My video (I would post it but I don’t know where it is) started out winding up a crystal staircase with classical music (Beethoven’s Moonlight Sonata) playing in the background.  It continued going through different styles of staircases - some wooden, some steel, some broken, etc, etc, etc.  While the different staircases were featured, the following poem was displayed line by line.


Mother to Son
By Langston Hughes

Well, son, I'll tell you:
Life for me ain't been no crystal stair.
It's had tacks in it,
And splinters,
And boards torn up,
And places with no carpet on the floor—
Bare.
But all the time
I'se been a-climbin' on,
And reachin' landin's,
And turnin' corners,
And sometimes goin' in the dark
Where there ain't been no light.
So, boy, don't you turn back.
Don't you set down on the steps.
'Cause you finds it's kinder hard.
Don't you fall now—
For I'se still goin', honey,
I'se still climbin',
And life for me ain't been no crystal stair.

I absolutely love this poem – it resonated with me then and still resonates with me today.  Every time I read it, I hear the mother talking directly to me. I imagine her saying something like…

Well, Daughter
stop your worrying,
look at me,
I too have had a hard life,
a life that in a lot of ways was much harder than yours,
I too have seen heartache, pain, abandonment, discrimination, darkness, twist and turns,
but through it all, I’ve continued to climb the staircase that was laid for me to climb,
yes they were the splintered, torn up, tacked, bare, and non-crystal stairs,
but Daughter you are just as strong
so I know you can climb and climb and climb even higher than I.

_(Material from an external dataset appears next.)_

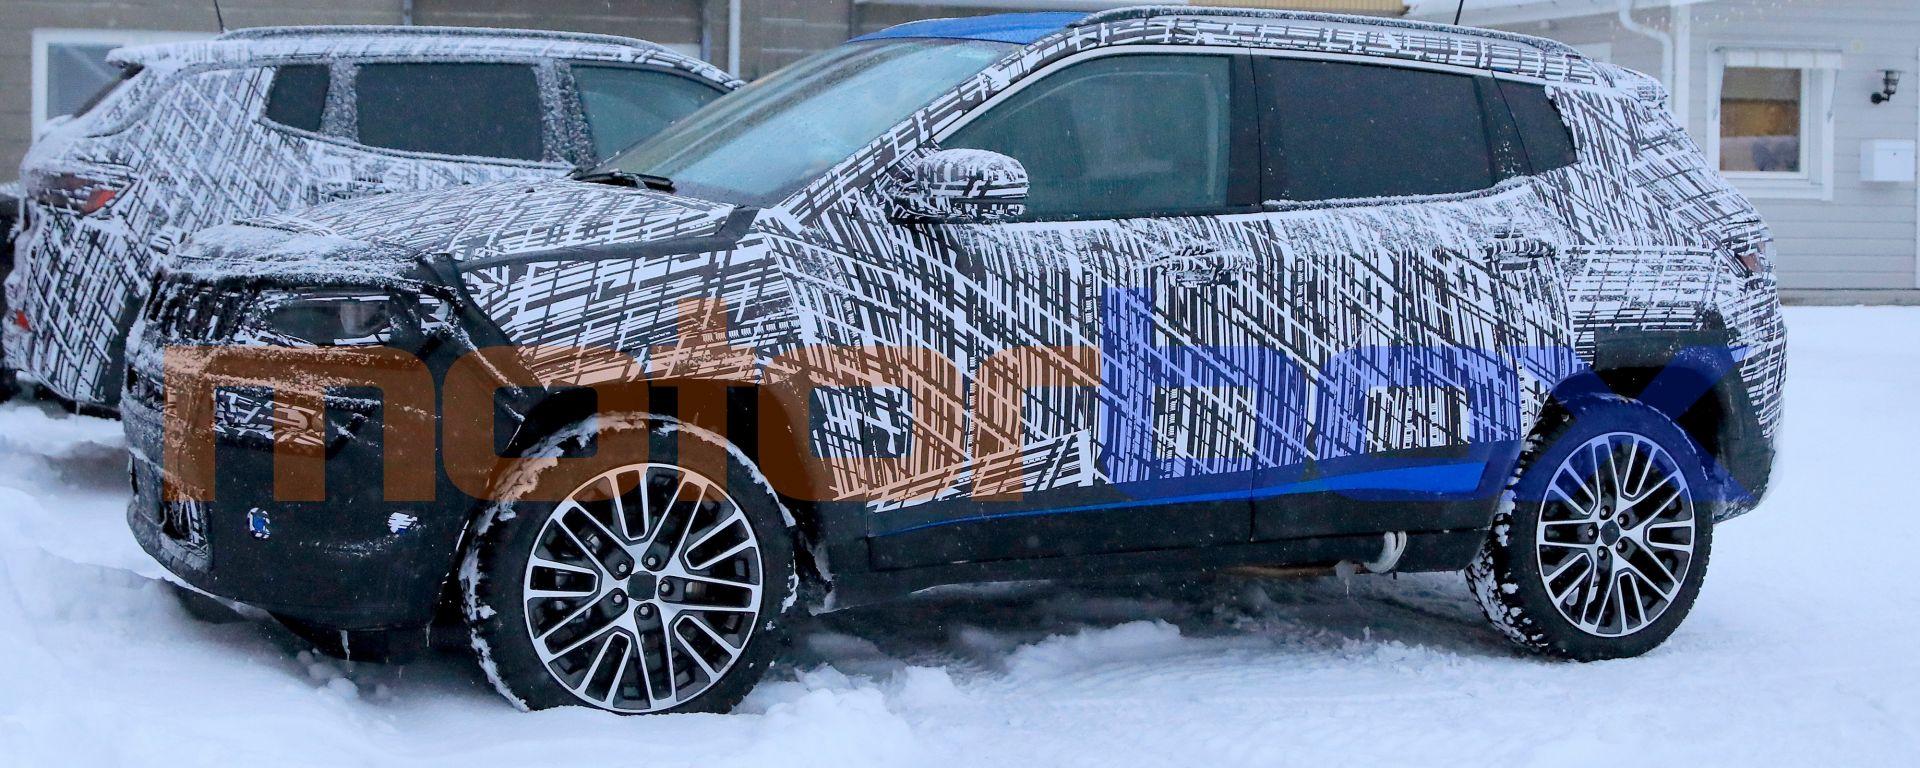 Nuova Jeep Compass 2021: i collaudi sulla neve della Svezia
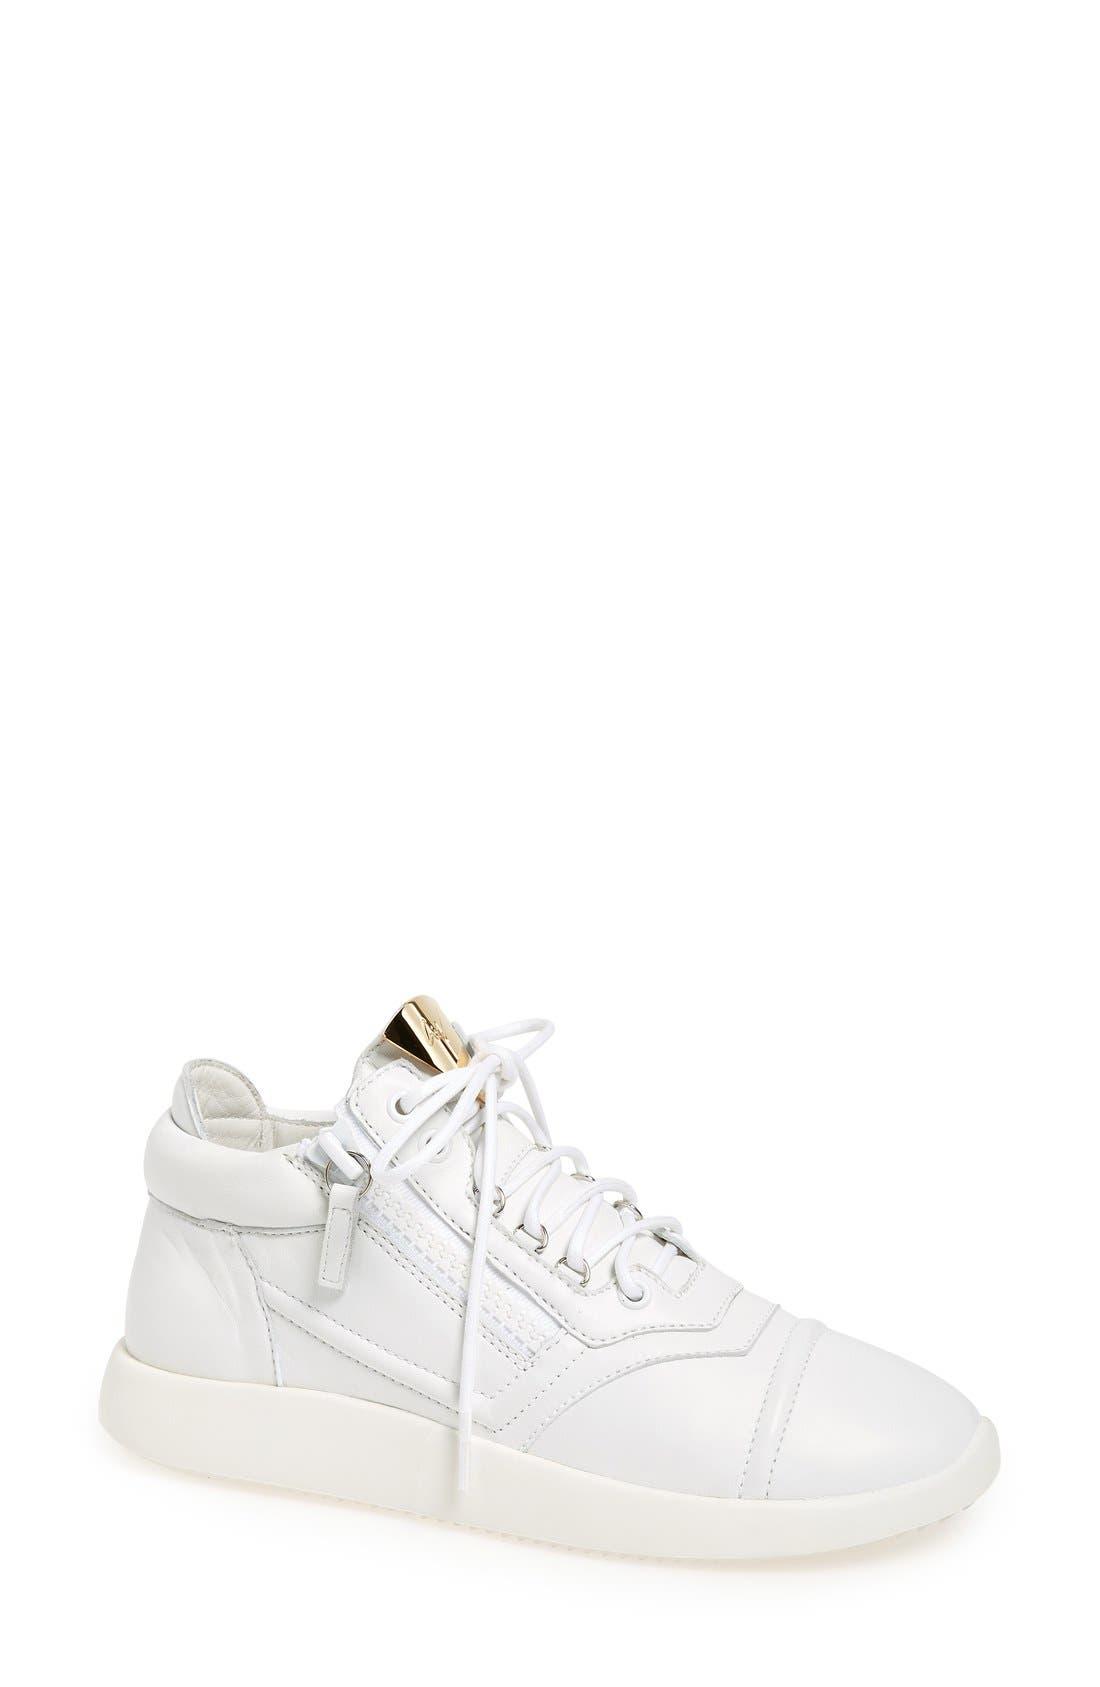 Alternate Image 1 Selected - Giuseppe Zanotti Side Zip Low Top Sneaker (Women)

Okay, so I’m no poet in the least bit…but you get my drift.  My life sure hasn’t been no crystal stair, but I took to heart when the mother said, “don’t you set down on the steps ‘cause you finds it’s kinder hard.”  I guess you can say that I took that line as a challenge, and despite what I’ve been faced with, I am still to this day climbing.  And to be quite honest, as I look back over my life, I realize it must a blessing in disguise that my life hasn’t been a crystal stair, because I know there is no way crystal stairs could've carried me as far as I've climbed today.  Yep, I definitely appreciate having the strong, tried and true stairs to withstand me and all the inner strength I must have to continue climbing despite it all...let's just say those crystal stairs would have surely shattered underneath all my strength by now.